AADT vs. pollutant concentration without ramp data

Figure 4. Plots of AADT vs. pollutant concentration for NO, NO2, and BC with data from on and off ramps removed.

It is suspected that the data may be skewed by further outliers not identified by DBSCAN from local sources such as truck yards and overlapping highways, resulting in disproportionately high pollution concentrations. A further analysis is required to justify the removal of these data points, which would likely result in a substantial increase of the coefficients of determination.

Discussion

What do these correlations between AADT counts and pollution concentrations mean? The moderate r² and RMSE values indicate that traffic data reveal a considerable amount of information about local air quality; information about traffic in a given sample area allows us to infer the spatial distribution of major emitters of several air pollutants. It is reasonable to believe that this relationship might translate into insights on actual pollution concentration, as well. However, the limited extent of this correlation observed between AADT and pollution concentration also reveals that other factors are likely to play an important role in local air quality as well. What are these other factors? Could we find a similar correlation between these factors and the distribution of air pollution? If so, high spatial resolution air quality maps could potentially be inferred with reliability, yielding valuable information about local air quality where costly Street View measurements have not been performed. Recent literature reveals that advanced data analytics techniques used to encompass the array of non-traffic factors involved in local air quality — such as meteorological conditions (and seasonal changes within them) and emissions from marine vessels and power plants — may give us a useful understanding of the distribution of pollution in a given area (Zhang & Ding, 2017). Such advances are encouraging signs that the understanding of air pollution distribution on a meso or micro scale may be possible without resource-intensive methods like Street View style monitoring and may exist in areas where this is not possible.

Acknowledgements

This work was conducted as an extension of prior work performed by Ayah Hassan of Ramboll and Jonathan Chou, formerly of Ramboll. Additionally, substantial contributions to this work were made by Drew Hill of Ramboll Shair. Jack performed this assessment while an intern at Ramboll.

References

Apte, J., Messier, K. P., Gani, S., Brauer, M., Kirchstetter, T. W., Lunden, M. M., . . . Hamburg, S. P. (2017). High-Resolution Air Pollution Mapping with Google Street View Cars: Exploiting Big Data. Environmental Science & Technology, 6999–7008.

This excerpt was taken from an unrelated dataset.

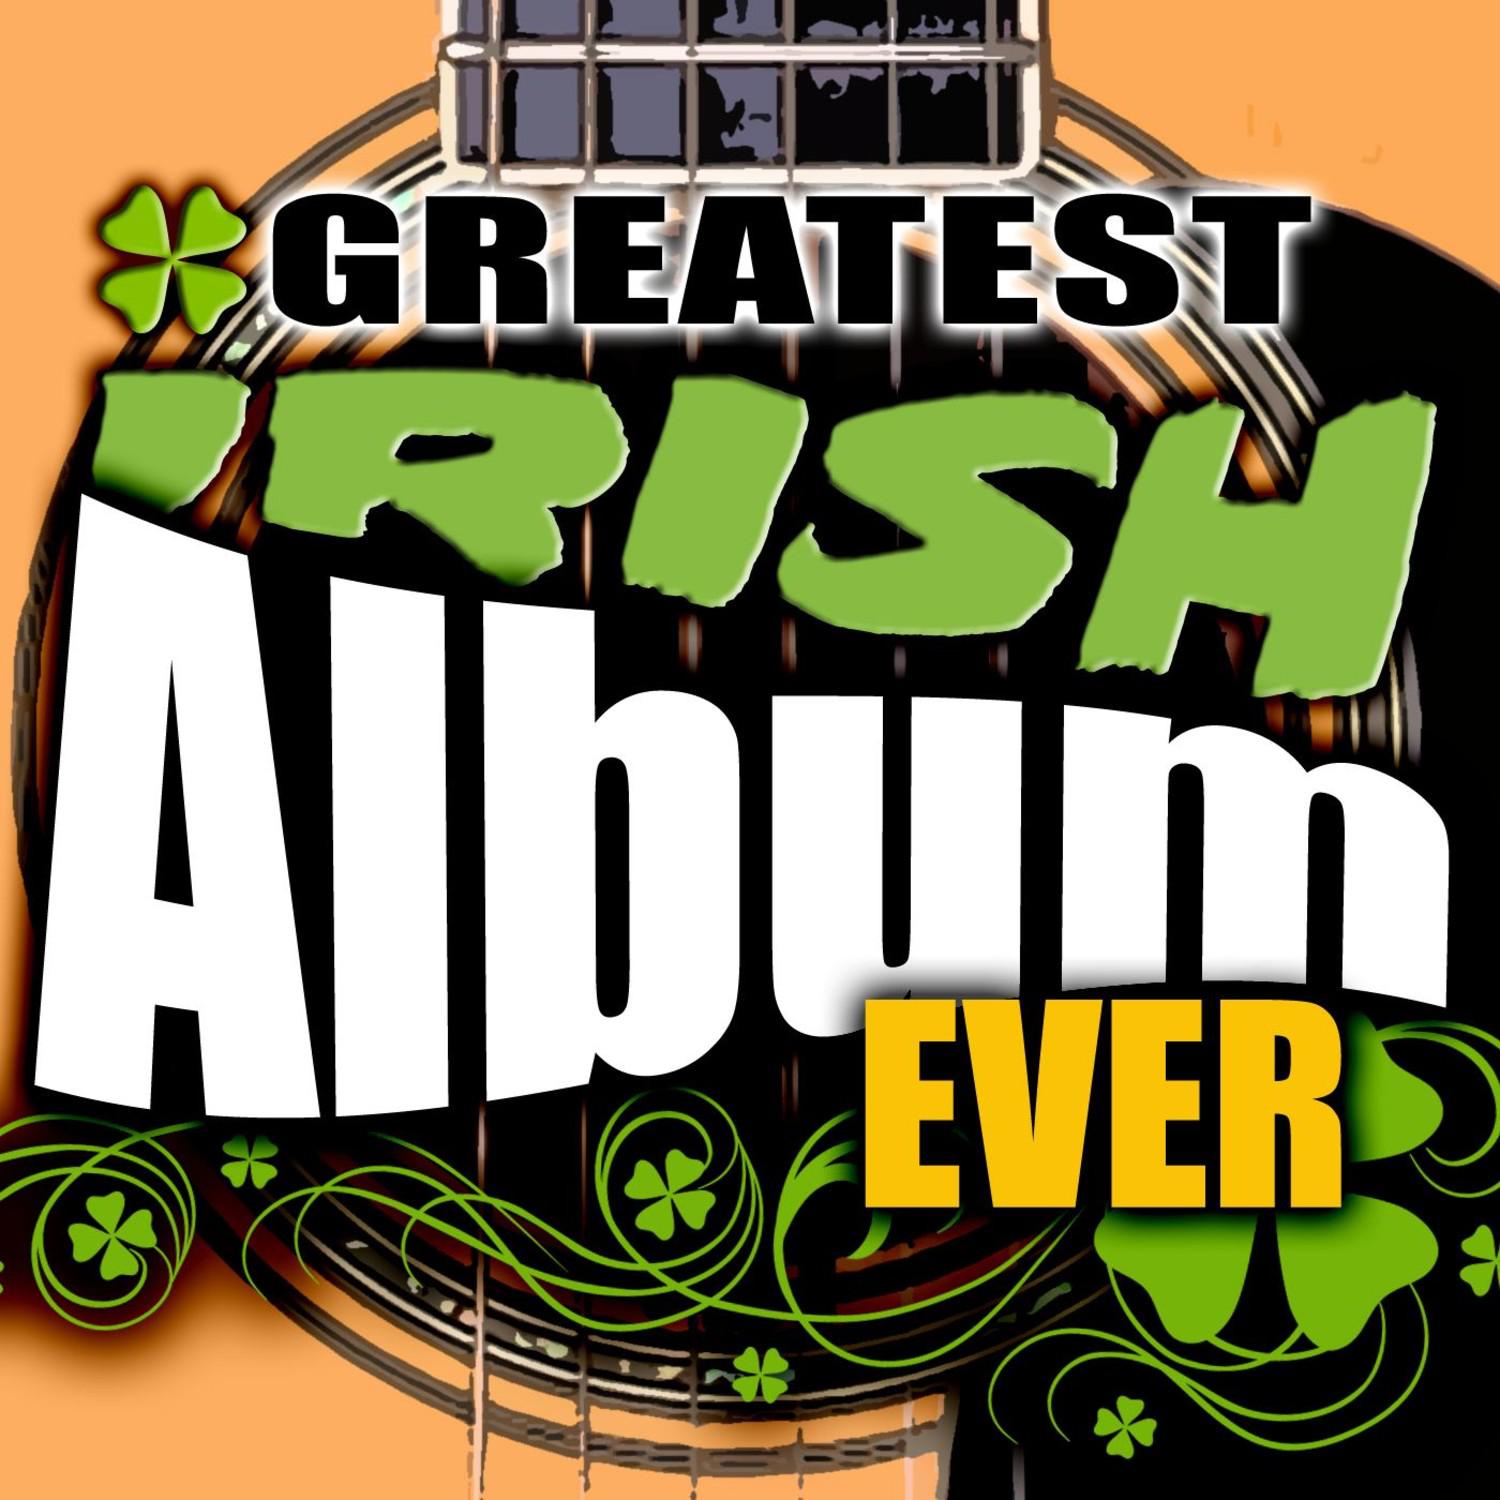 The Greatest Irish Album Ever

IHME. (2019, August 29). Retrieved from GBD Compare: https://vizhub.healthdata.org/gbd-compare/

Martin, R. V., Brauer, M., Donkelaar, A. v., Shaddick, G., Narain, U., & Dey, S. (2019). No one knows which city has the highest concentration of fine particulate matter. Atmospheric Environment.

Zhang, J., & Ding, W. (2017). Prediction of Air Pollutants Concentration Based on an Extreme Learning Machine: The Case of Hong Kong. Environmental Research and Public Health.